_Recorded data_
────────────────

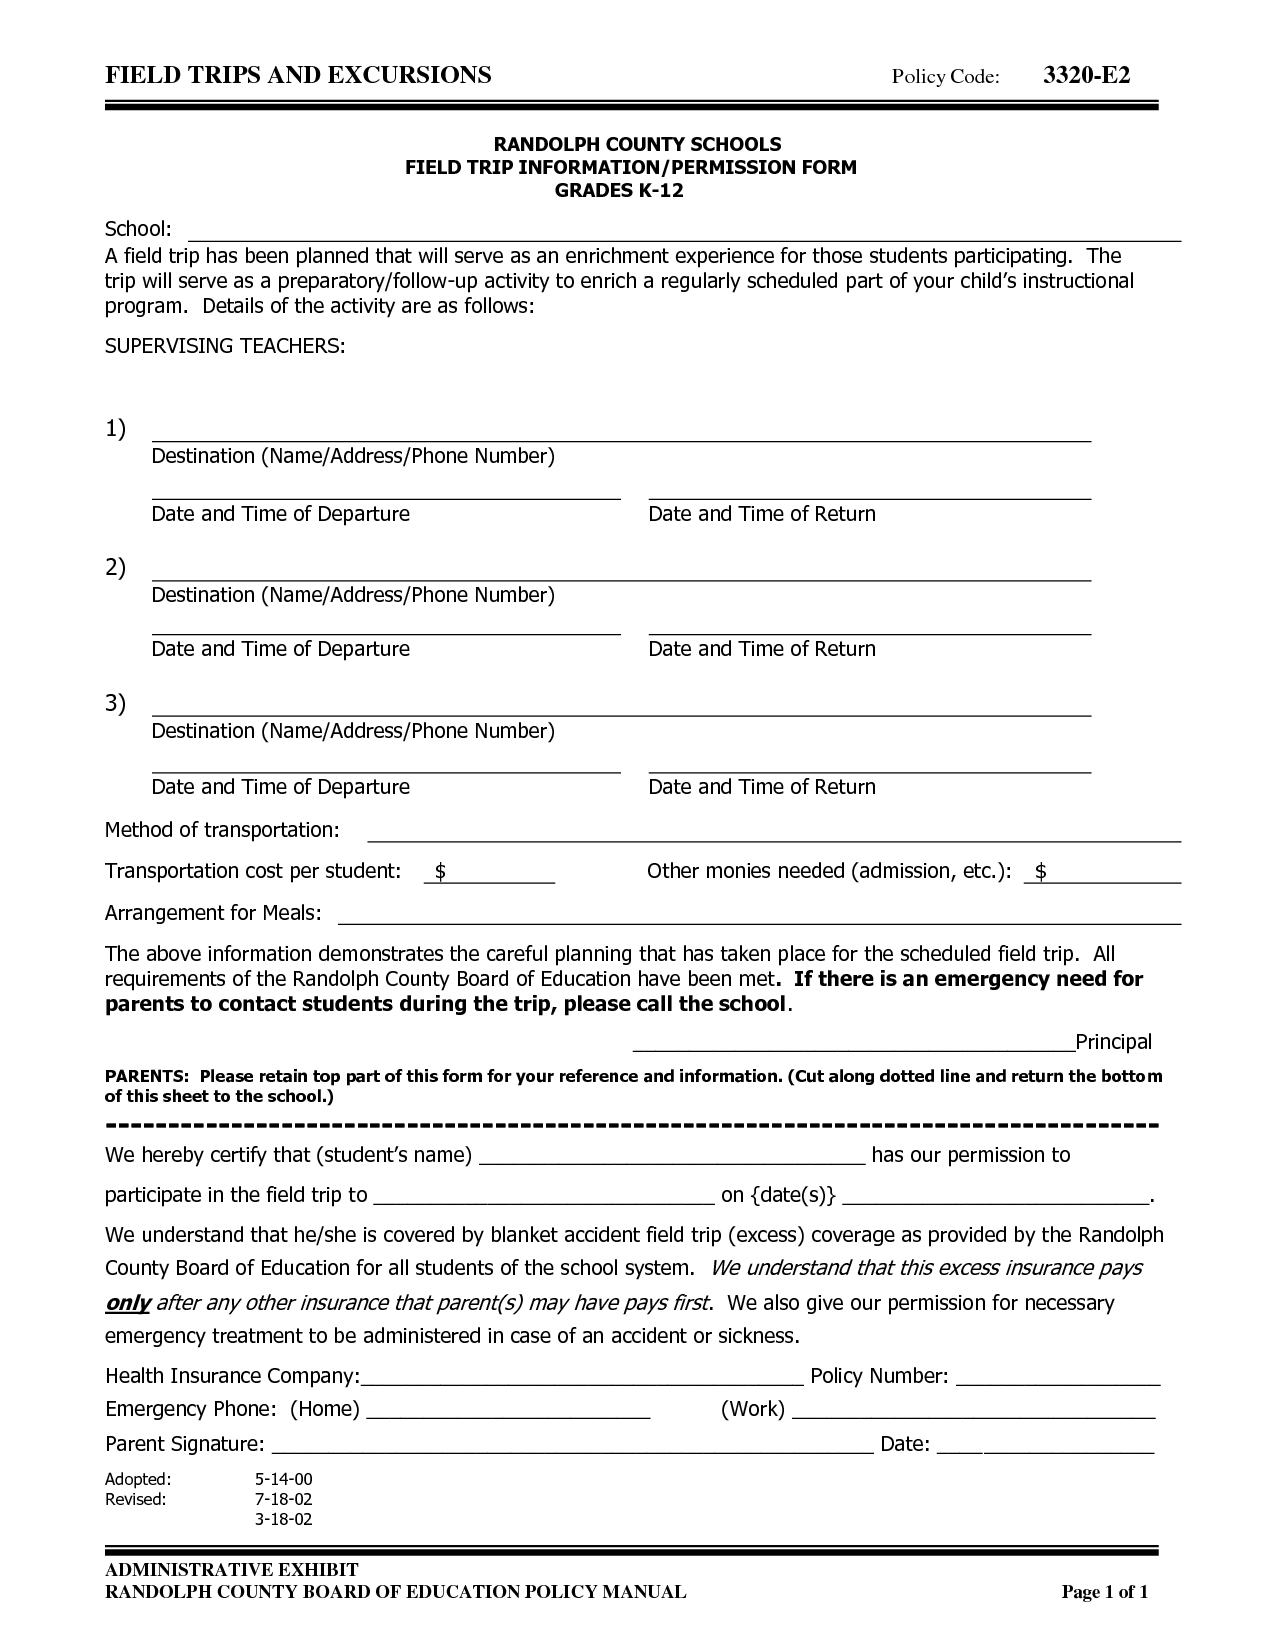 School Field Trip Permission Form
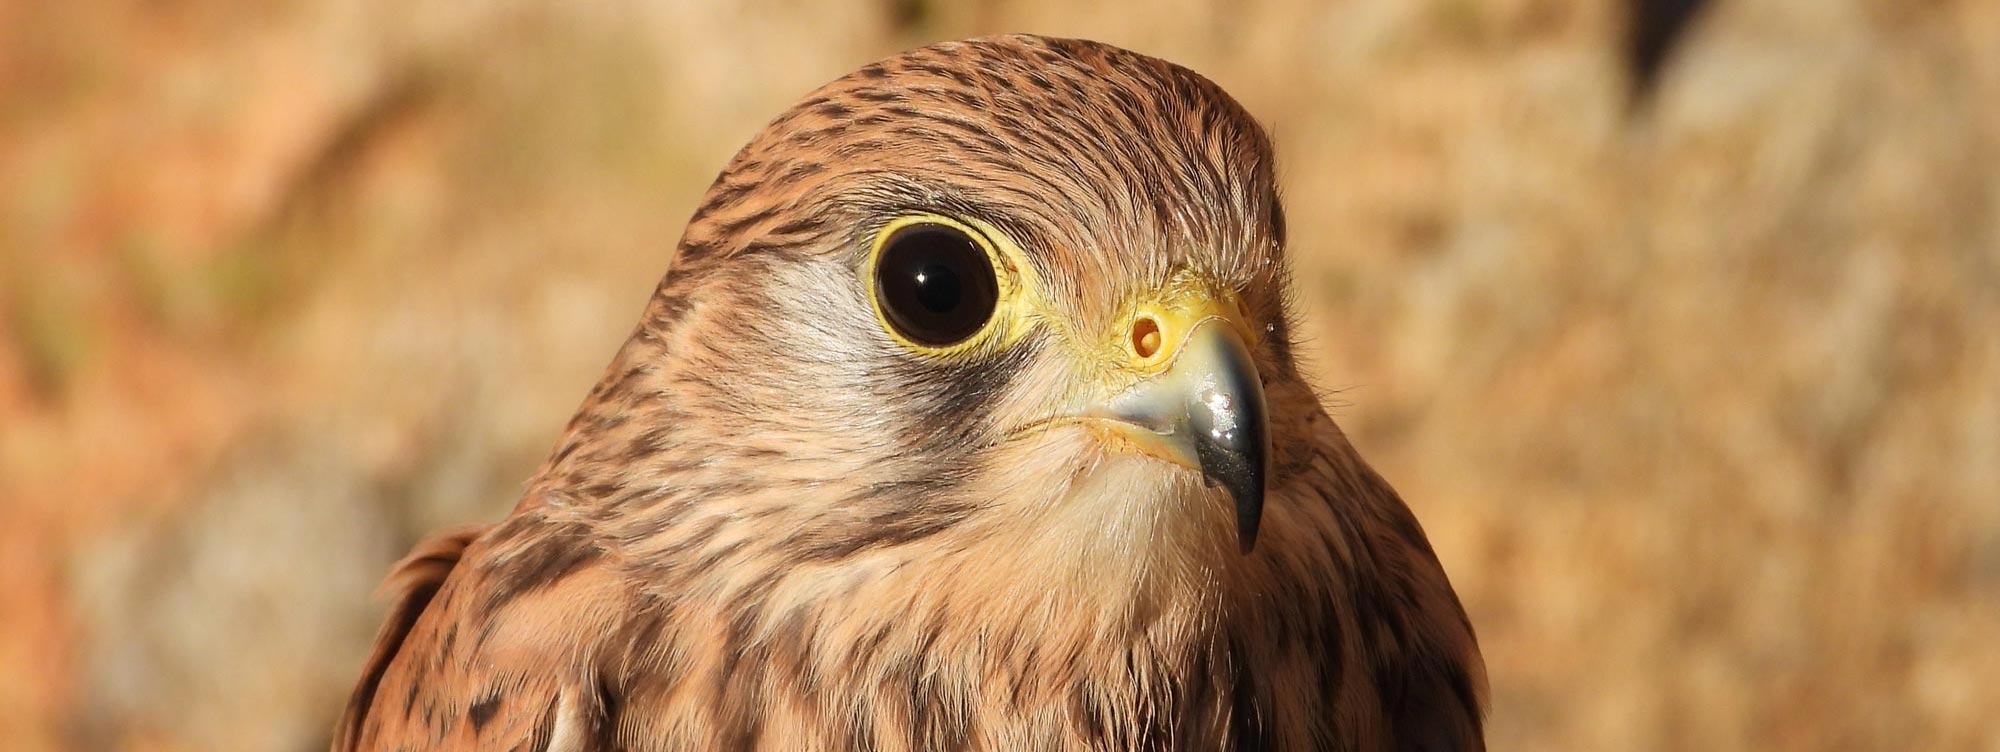 Birding La Mancha - Aves Rapaces
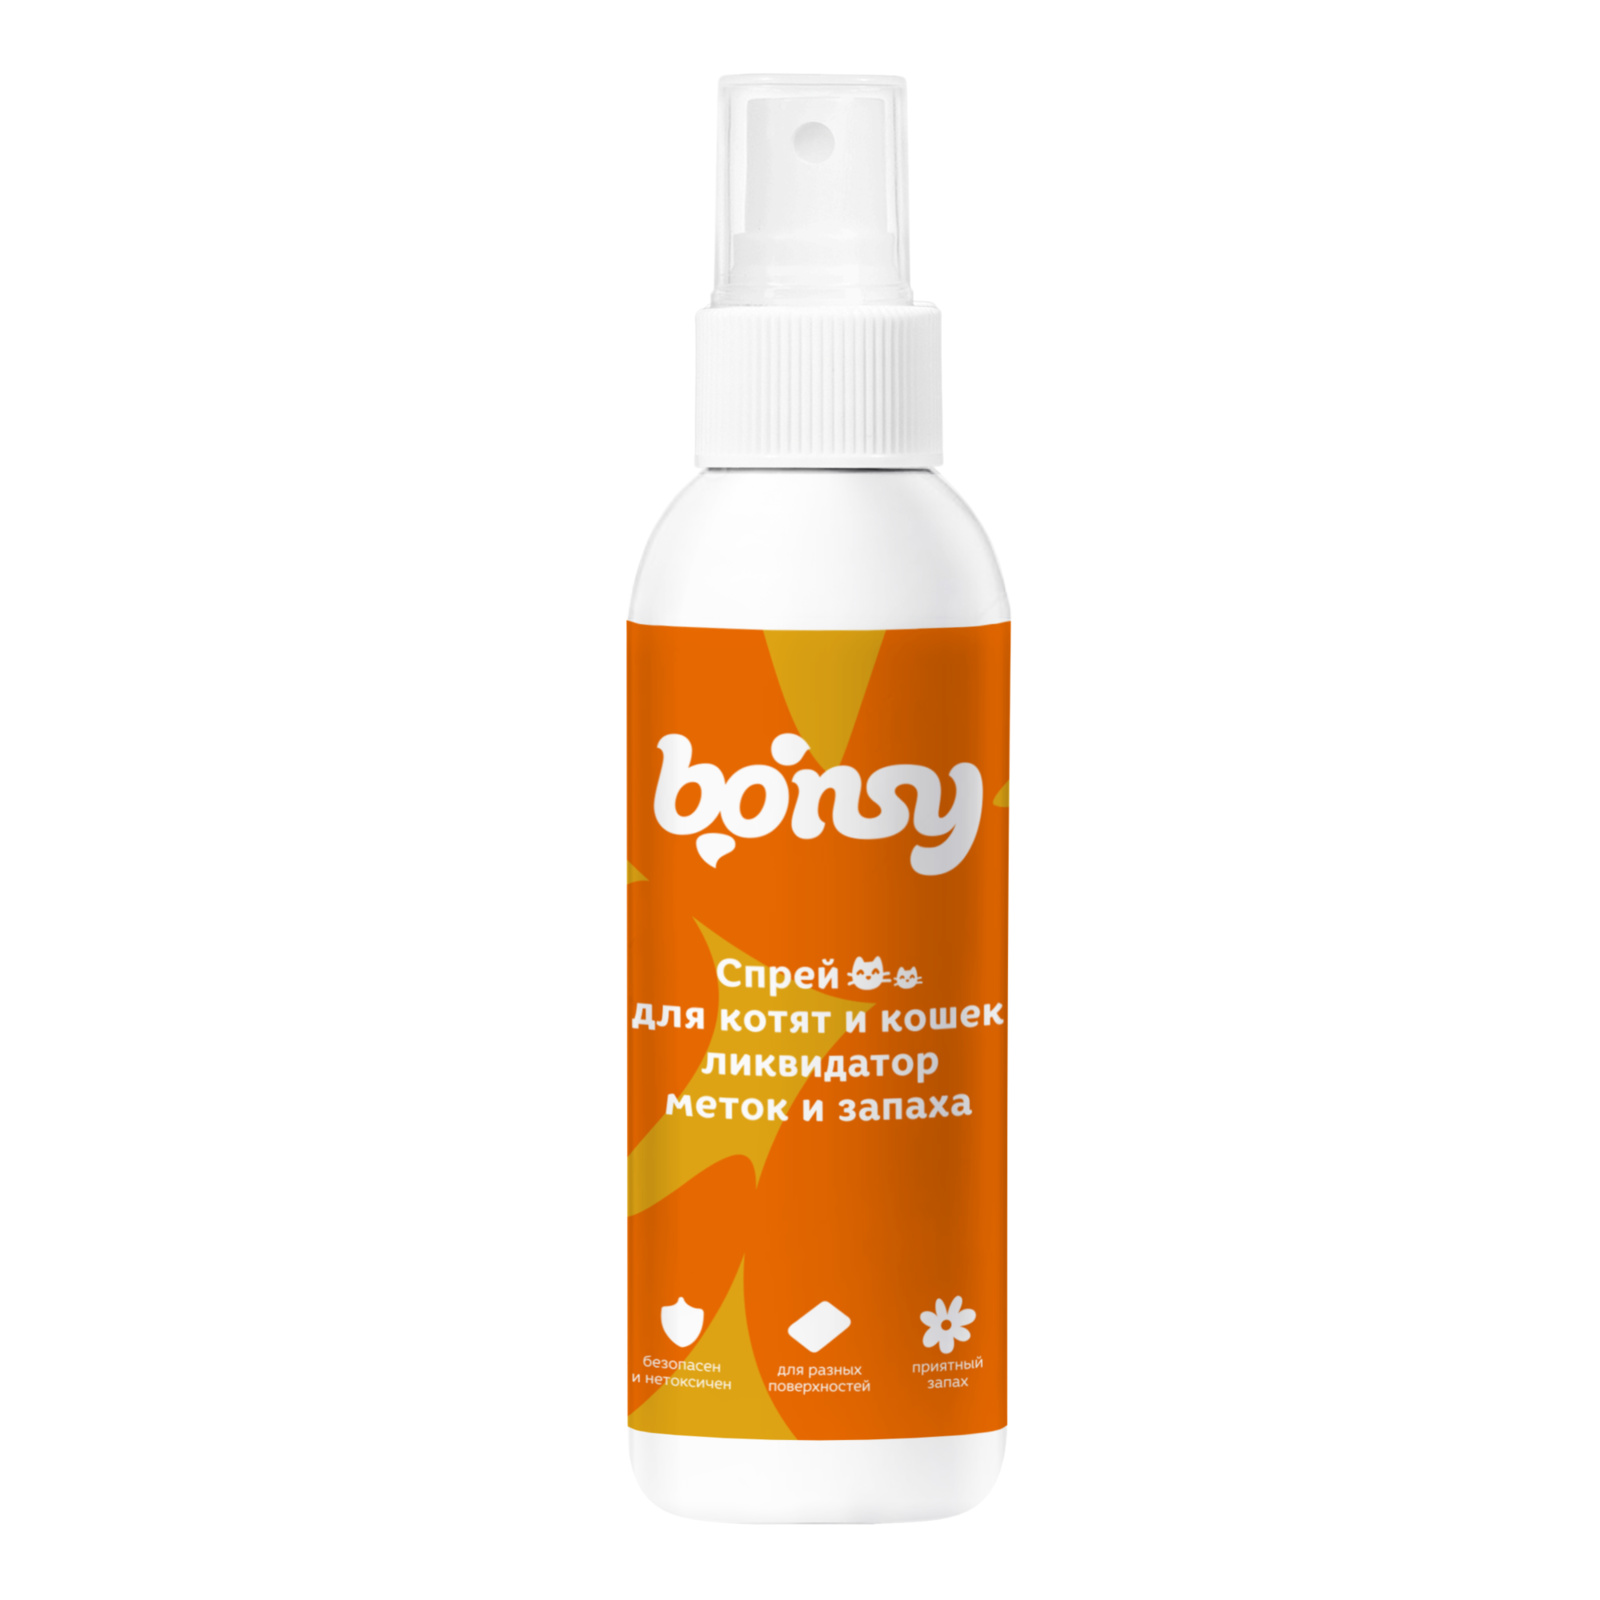 Bonsy Bonsy спрей «Ликвидатор меток и запаха» для кошек и котят (150 г) bonsy bonsy антипаразитарный биошампунь от блох и клещей для котят и кошек 250 г

────────────────

_What this task involves_
No pictures go in the copy. Set down all the data exactly.

_The answer_
 School Field Trip Permission Form
 Birding La Mancha - Aves Rapaces
 Bonsy Bonsy спрей «Ликвидатор меток и запаха» для кошек и котят (150 г) bonsy bonsy антипаразитарный биошампунь от блох и клещей для котят и кошек 250 г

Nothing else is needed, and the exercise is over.